Department of Computer Science, Duke University Box 90129, Durham, NC 27708-0129, USA

*To whom correspondence should be addressed.

Motivation: Duplication of an organism's entire genome is a rare but spectacular event, enabling the rapid emergence of multiple new gene functions. Over time, the parallel linkage of duplicated genes across chromosomes may be disrupted by reciprocal translocations, while the intra-chromosomal order of genes may be shuffled by inversions and transpositions. Some duplicate genes may evolve unrecognizably or be deleted. As a consequence, the only detectable signature of an ancient duplication event in a modern genome may be the presence of various chromosomal segments containing parallel paralogous genes, with each segment appearing exactly twice in the genome. The problem of reconstructing the linkage structure of an ancestral genome before duplication is known as genome halving with unordered chromosomes.

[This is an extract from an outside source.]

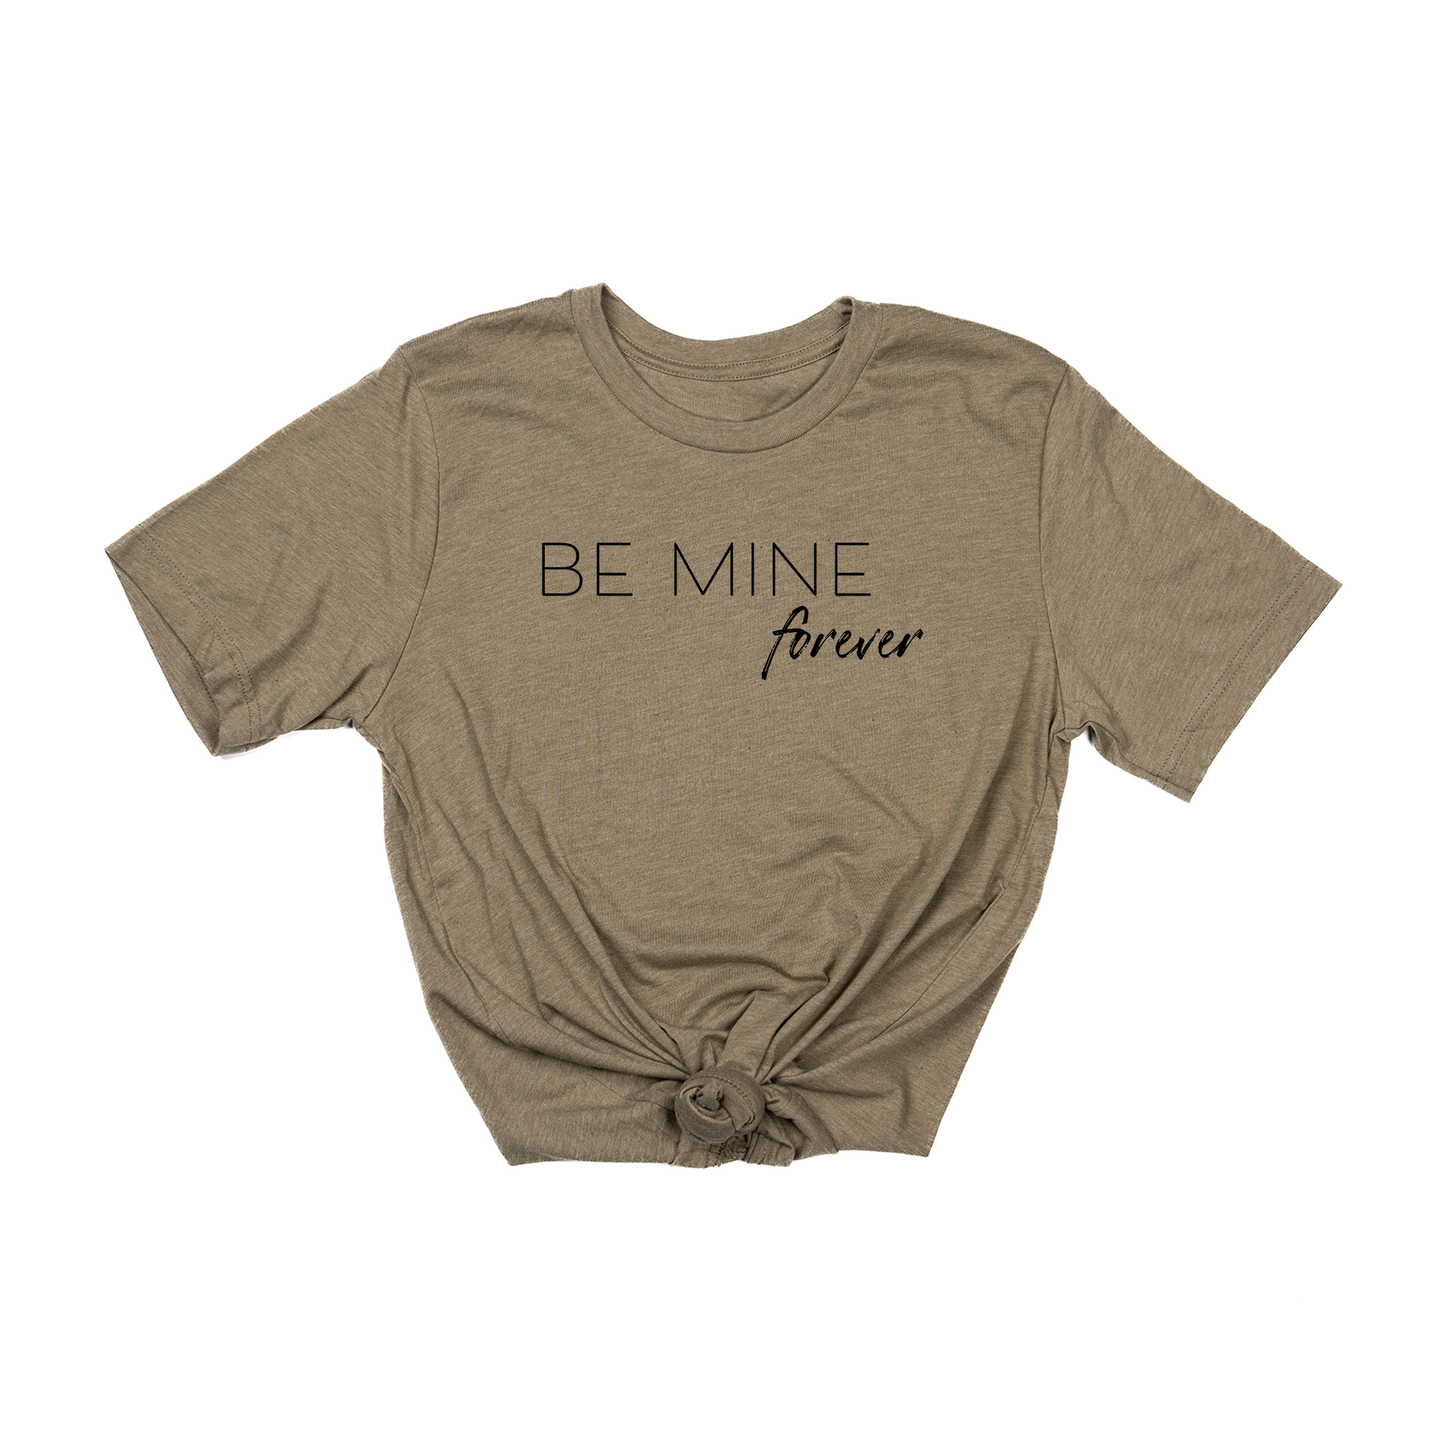 Be Mine Forever - Tee (Olive)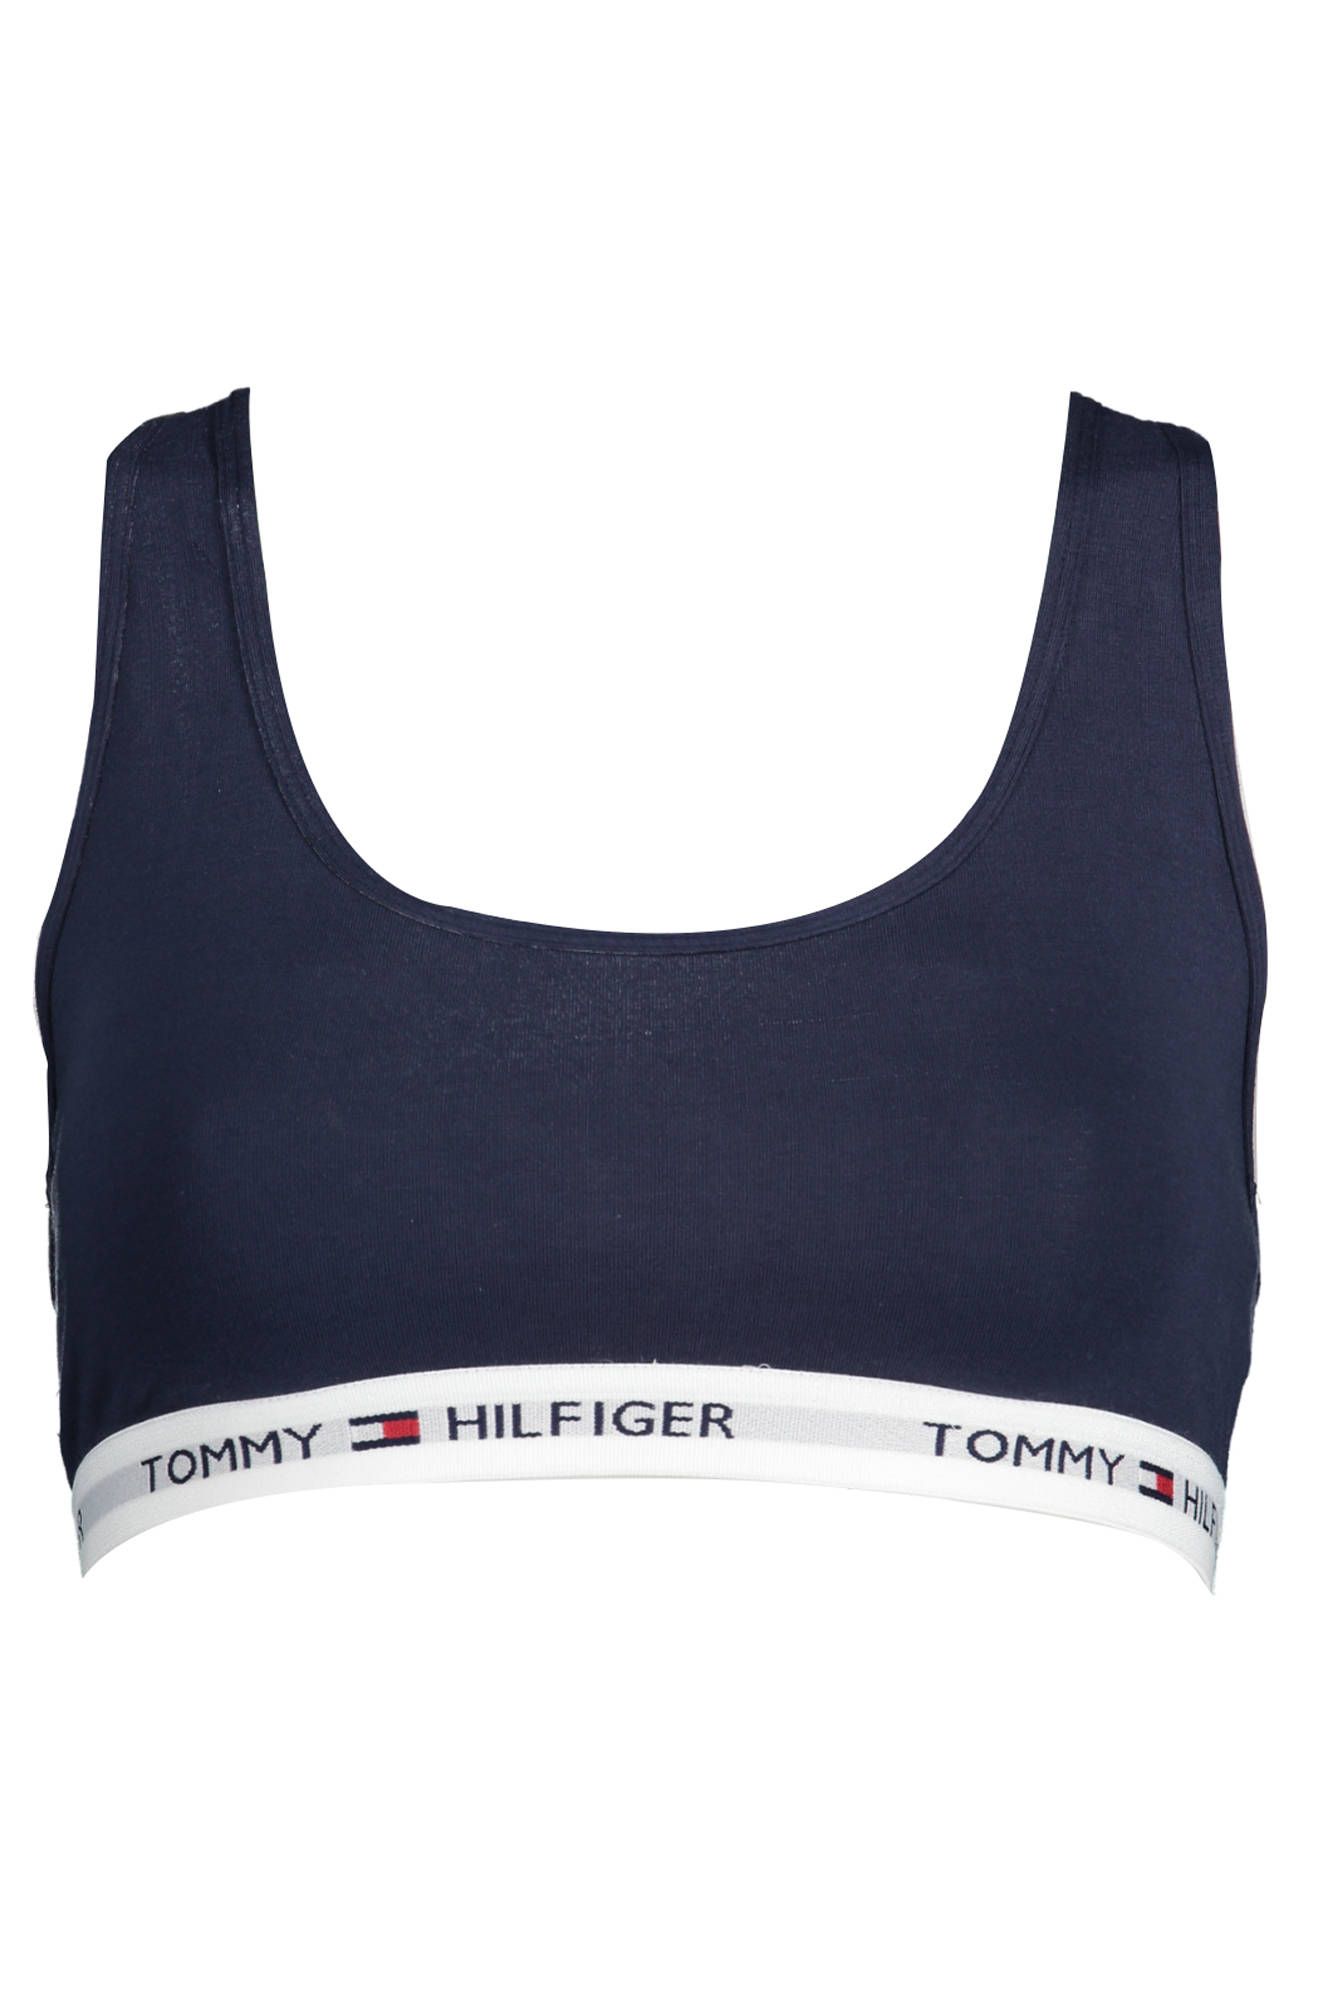 Chic Elastic Sports Bra with Contrasting Details

Results: In this paper, we derive a new upper bound on the genome halving distance that is tighter than the best known, and a new lower bound that is almost always tighter than the best known. We also define the notion of genome halving diameter, and obtain both upper and lower bounds for it. Our tighter bounds on genome halving distance yield a new algorithm for reconstructing an ancestral duplicated genome. We create a software package GenomeHalving based on this new algorithm and test it on the yeast genome, identifying a sequence of translocations for halving the yeast genome that is shorter than previously conjectured possible.

Availability: GenomeHalving is available upon email request.